Please don’t tell my fiance that I’m simultaneously already married and not married. Source: Oracle Data Cloud Registry page

At Narrativ, I had most of our employees check their digital identities. Our (male) VP of Product is a Spanish-speaking female in her 80s. Our Chief Technology officer is apparently a pre-teen student in his 80s making $20–29K per year. If you’re hopelessly perplexed, that’s exactly the point.

After a cruelly ironic registration process that forced me to fork over my personal data in order to access my personal data, Acxiom’s abouthedata.com fared slightly better. It correctly identified me as male and provided some correct generalities such as the killer insight that I’ve purchased apparel and food. Does that really feel like it is worth the $2.3B IPG just shelled out for it?

So how did we come to accept the validity of flawed data? First, venture capitalists poured money into third-party data startups, “proving” that the data was legit. Then large companies allocated budgets to ad tech, “proving” it was effective. Finally, big marketing clouds like Oracle and Salesforce went shopping, “proving” that the obscure periphery of our internet history data is worth hundreds of millions of dollars. But what if large sectors of the data industry have grown without their theses being fundamentally validated?

Of course, there is one company that understands the superfluousness of all this data. And surprise, it’s Amazon. To Amazon, you are what you buy. Nothing more, nothing less. The kind of data collected by Cambridge Analytica is fundamentally meaningless to Amazon because it is less powerful than their own data they can provide to advertisers on shoppers. As Amazon prepares to eclipse $10B in ad revenue this year, the direct correlation of Amazon’s data to what we buy is why Sorell lost the most sleep over their market entry.

In a macro sense, the totality of this data mining fundamentally can’t match the simple power of contextual targeting that powers Google and Amazon. And Amazon’s targeting is probably more powerful in the long-term. At the end of the day, you telling an advertiser what you are looking for is still a hell of a lot more accurate than the best artificially intelligent guess.


The cruel irony here is that the current ineptitude of data providers actually protects the privacy of many internet users. Digitally savvy consumers overwhelm ad tech algorithms with so many data points that they become impossible for data brokers to distill in any meaningful way. This “unknown” audience becomes less valuable to advertisers and enjoys a superior internet experience with their privacy intact.
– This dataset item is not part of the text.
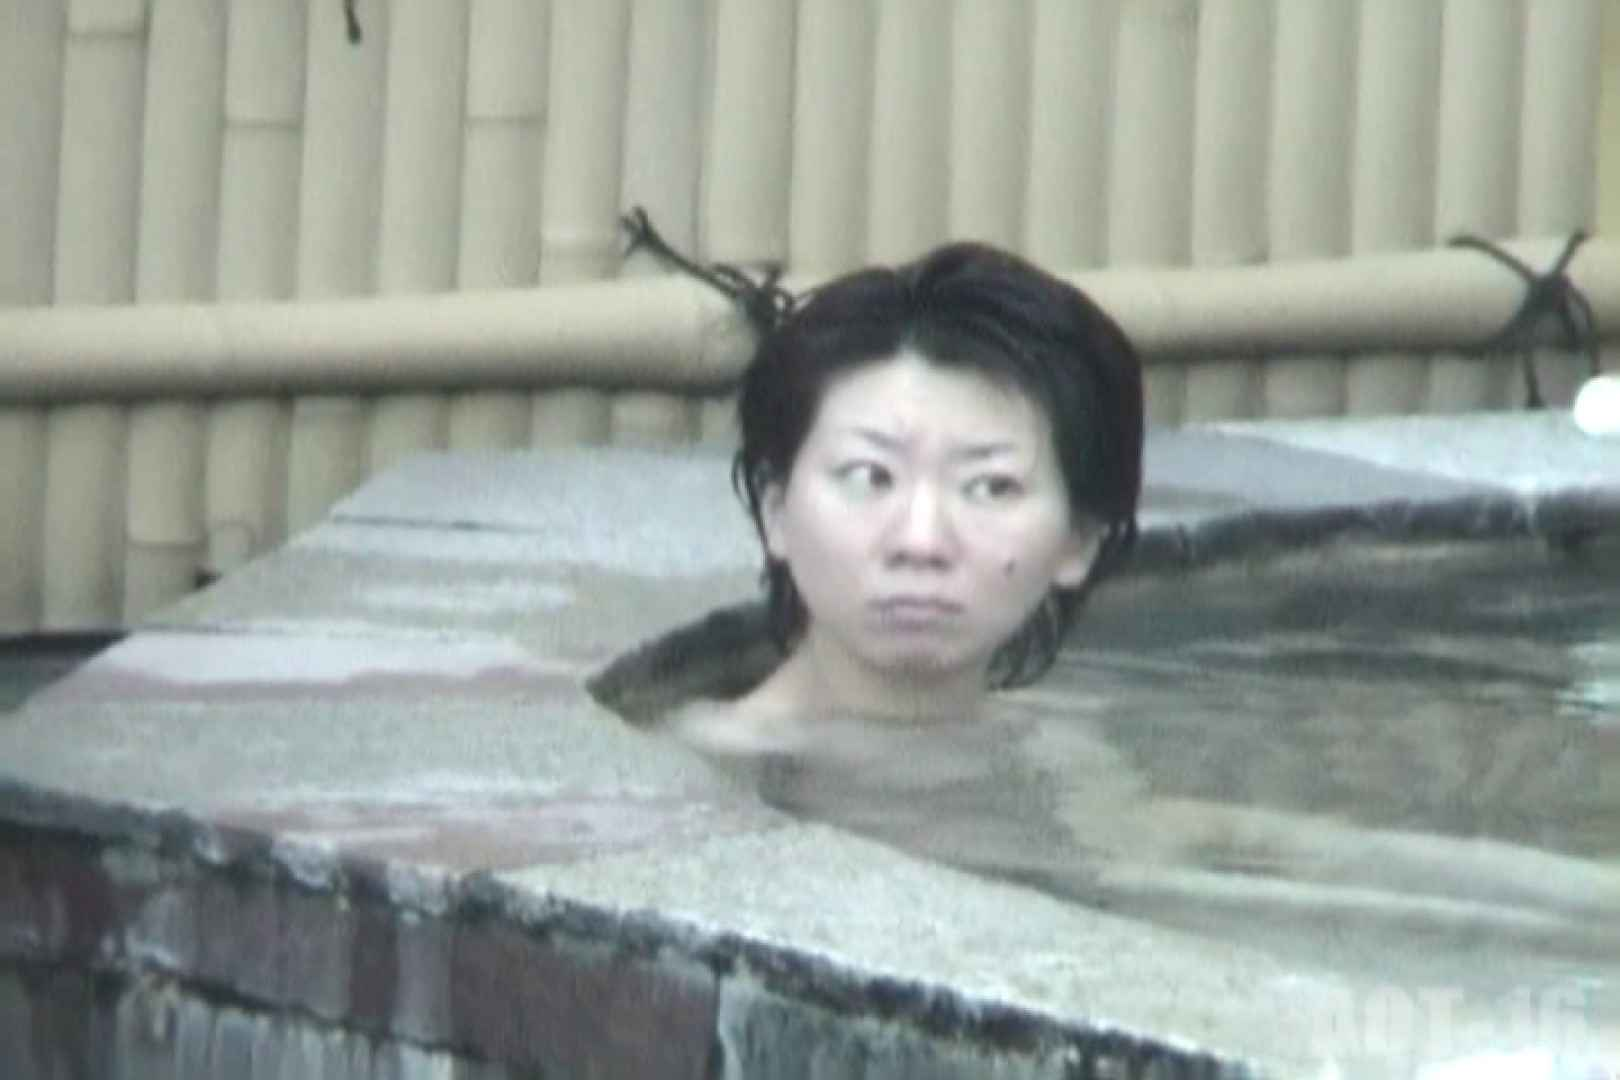 Aquaな露天風呂Vol.842 露天風呂編 | 盗撮シリーズ  82PIX 5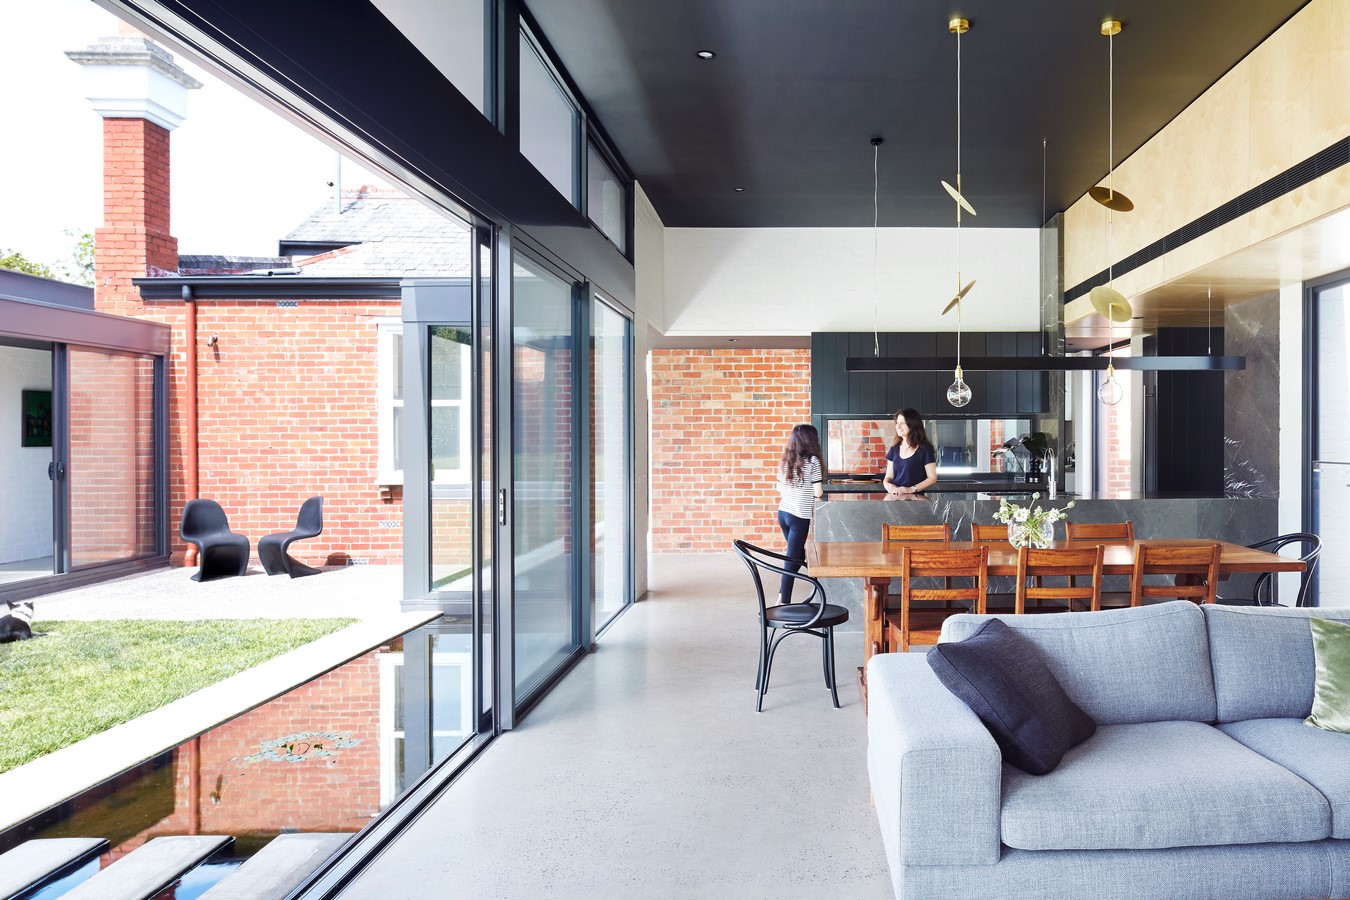 Pond House, 'Marrandillas' by Nic Owen Architects - Sheet1

This is the hallmark of a broken market. Advertising is effectively supposed to be a tax that we all pay to enjoy free services that have no business being free. But currently, the externality of digital advertising is being disproportionately picked up by the subset of individuals that firms like Oracle and Acxiom can caricature.

This alone should inspire deeper soul-searching in the industry- consumers deserve a more evenly distributed digital future. Alongside a genuine respect for privacy, we need an unwavering commitment to accuracy from our data wardens.